21 Инстинкты не обманешь

(Огни)

Холод еще бродил по телу, пульс был меньше положенного, движения — заторможенные. Примерно также ощущаешь себя, занимаясь гимнастикой в воде. Пробовала однажды исключительно ради нового опыта, а скорее в очередной тщетной попытке отвлечься от переживаний.

Бесплотные старания ускориться завершались покалыванием стоп, молниеносно взмывавшим до темечка. Наполнив ванну, с наслаждением легла в горячую воду. Боже! Как же хорошо…

Тонус возвращался, энергия врывалась в истощенные отравой клетки. Воззрившись на лазурный потолок с веселым, оранжевым геометрическим узором, расслабилась, отпустив тяжелые думы. Даже толстые вьюны с громоздкими аляповатыми белыми цветами на стенах излучали уют, спокойствие.

Желудок нетерпеливо заурчал. Я ведь так и не позавтракала. О чем вообще думаю?! Тут убивают, используют как козырь в до сих пор непонятной игре, а я о еде… Все-таки насколько же здорово, когда силы вновь циркулируют в венах, энергия фонтанирует.

Мир сразу расцветает миллионами красок. Угловатые, плохо распознаваемые фигурки животных на полу представляются самобытным произведением искусства, спартанская обстановка дома кана — аскетично-изысканной. Вопиюще блестящая кафельная отделка уборной — глянцево-богатой.

Потянулась… Мотнула головой. Здорово… В животе повторно раздался неприлично громкий звук.

— Поешь, — в комнату без всякого стеснения зашла Индира.

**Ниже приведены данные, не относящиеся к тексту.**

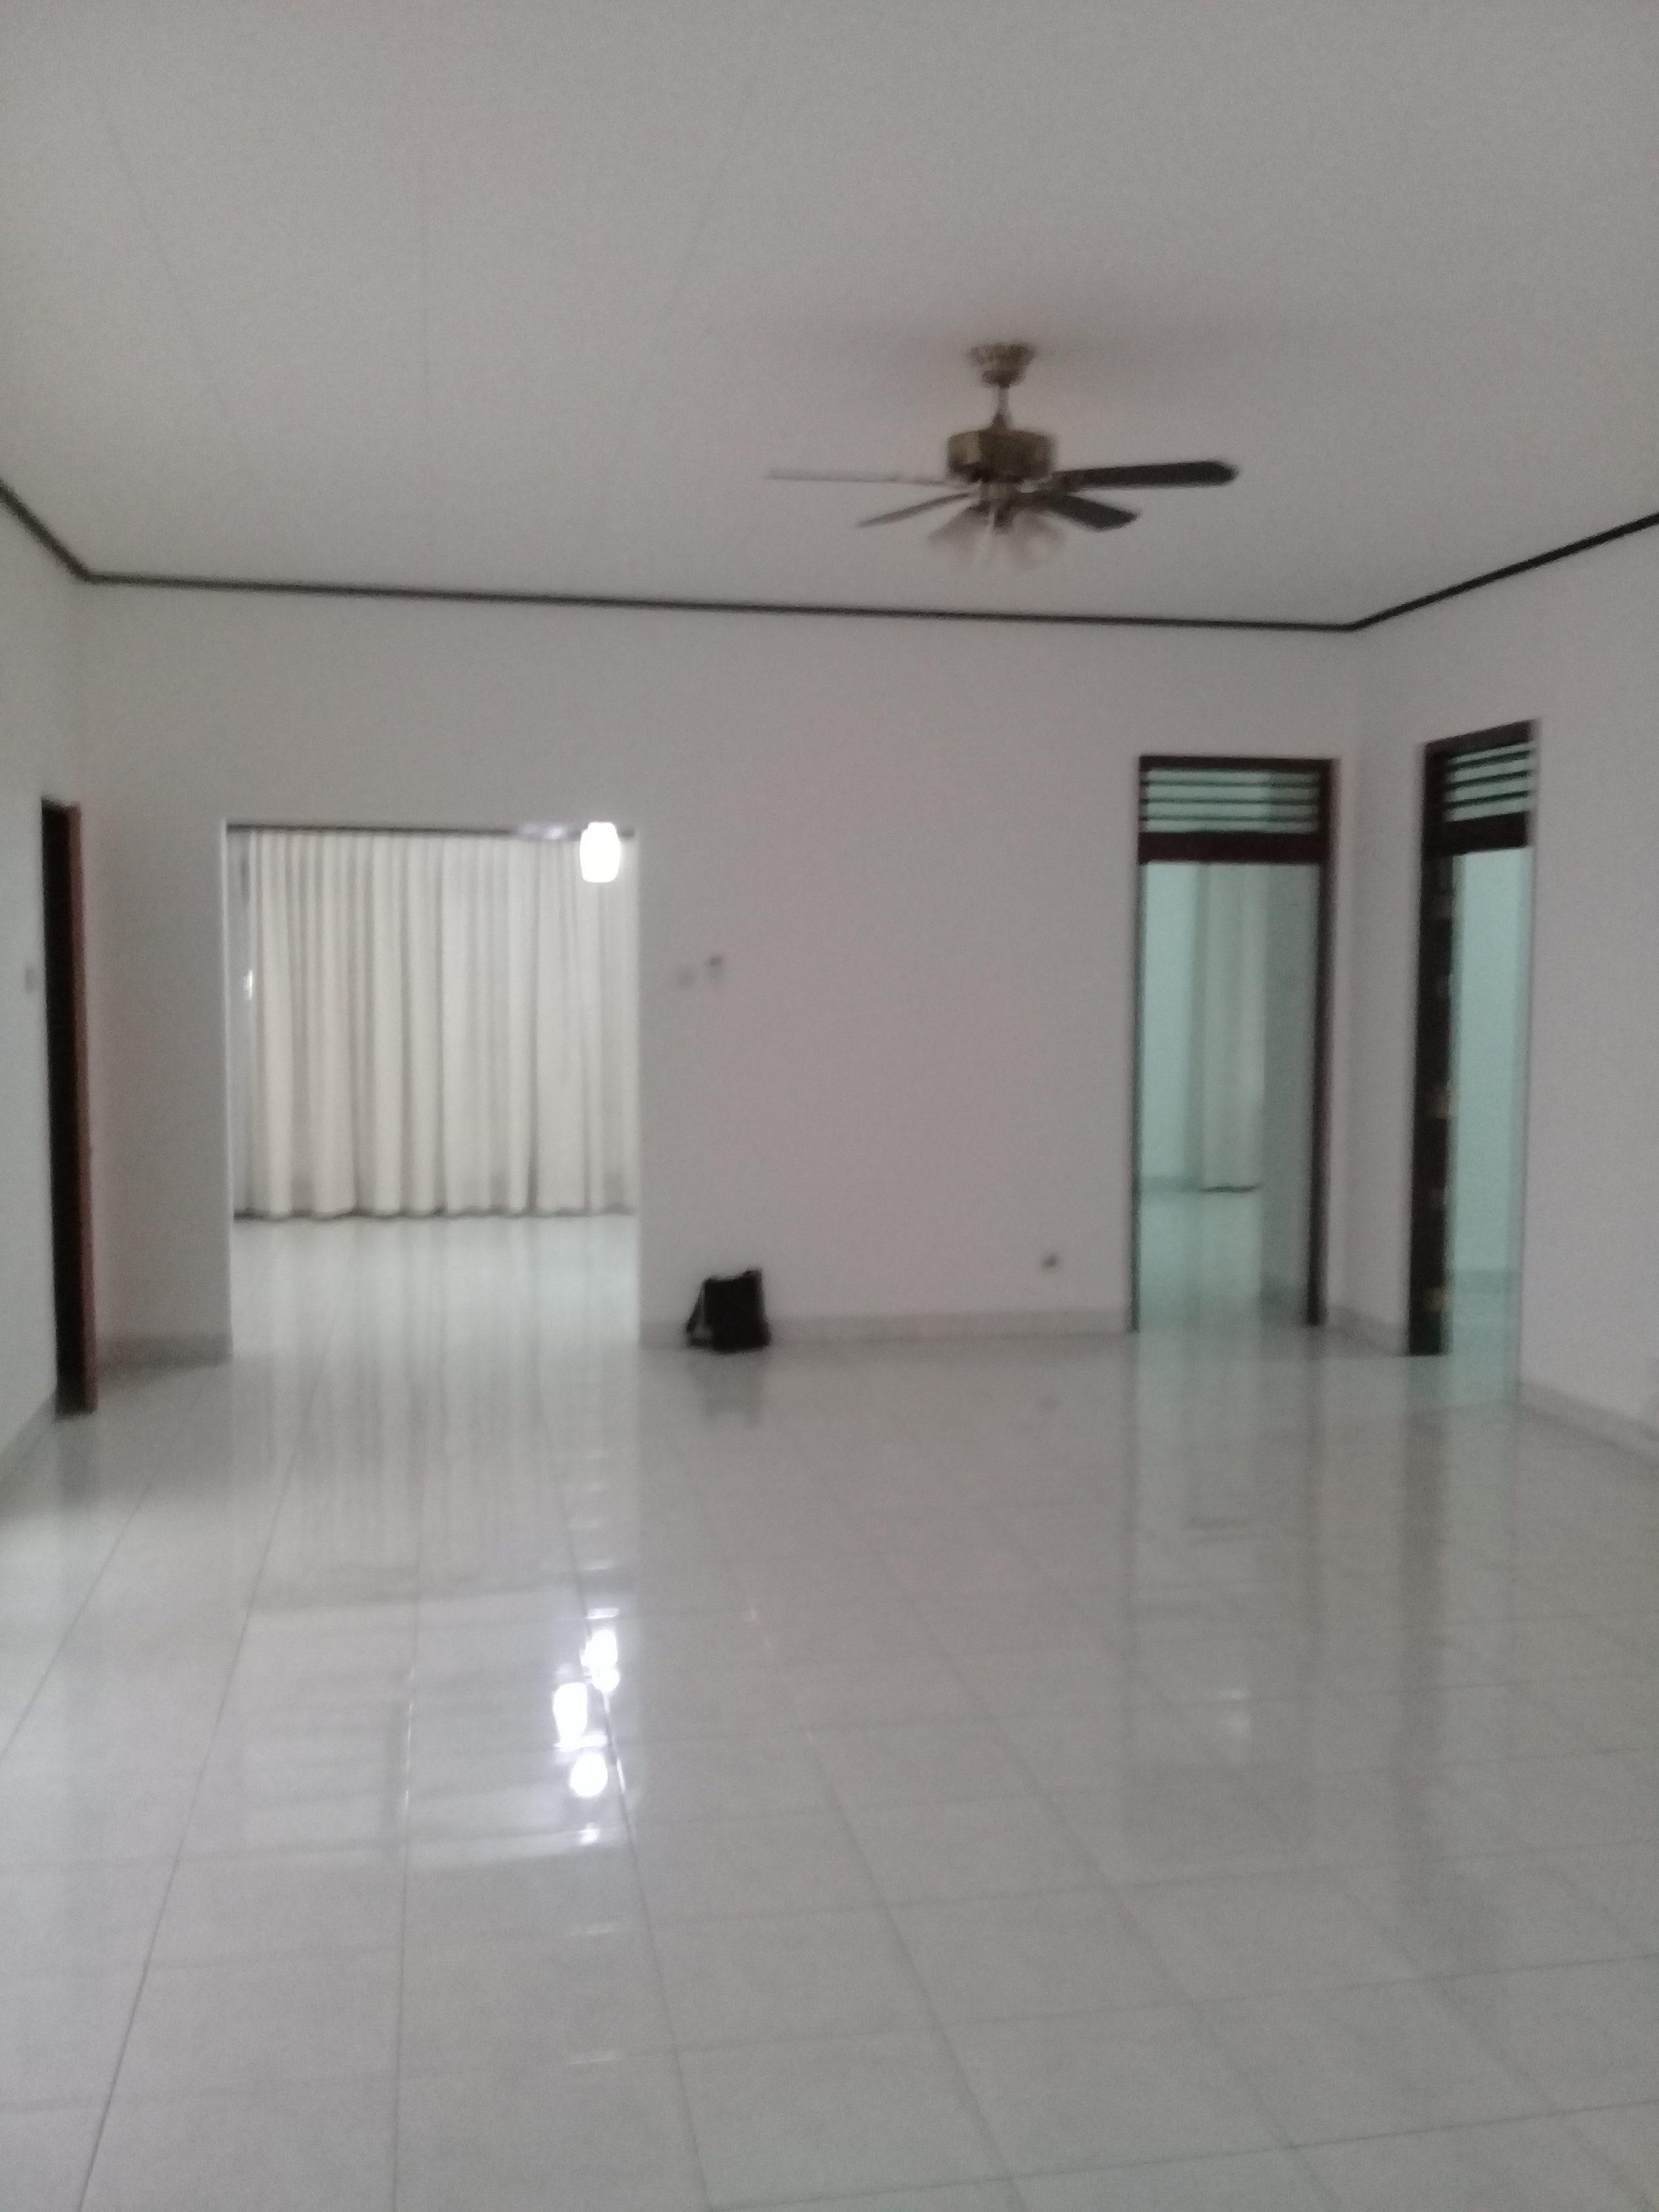 Rumah Sewa Siap Huni Di Cipete Cocok Untuk Kantor
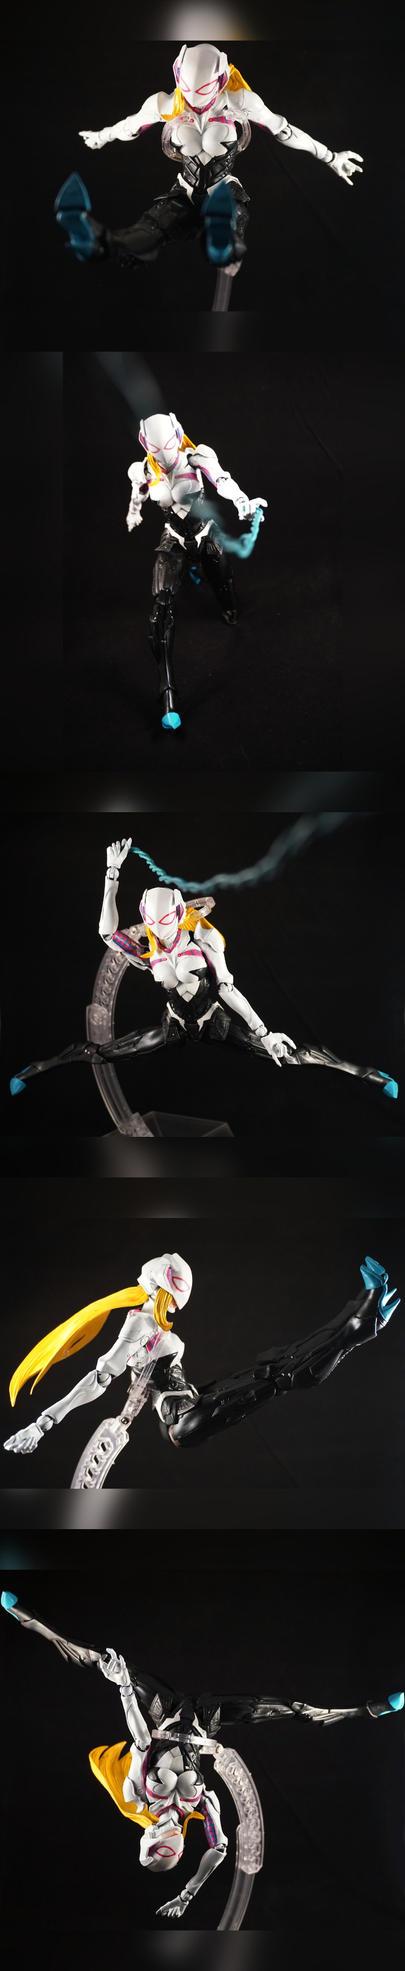 PAK Spider-Gwen Custom Figure by TrueError

Настолько естественно, что первый порыв закрыться хотя бы руками, быстро отошел на второй план. Людоедка поставила на бортик ванной тарелку с пышным хлебом, разноцветными плодами, мясом. — Баранина, — уточнила поспешно. Вовремя… Меня уже едва не стошнило при мысли, что это за блюдо.

Индира юркнула за дверь, но спустя несколько минут вернулась со стаканом бледно-розовой жидкости.

— Настойка коры мееха, — сообщила бодро и испарилась.

Все-таки придется попробовать местное зелье, жажда напомнила о себе сухостью во рту и горле. На провиант накинулась так, что только за щеками хрустело. Ветчина, булка казались верхом кулинарного искусства, неведомые фрукты-овощи — божественными дарами флоры, жидкость цвета фламинго приятной, освежающей. Слегка терпкая, абсолютно не сладкая, она великолепно утоляла жажду.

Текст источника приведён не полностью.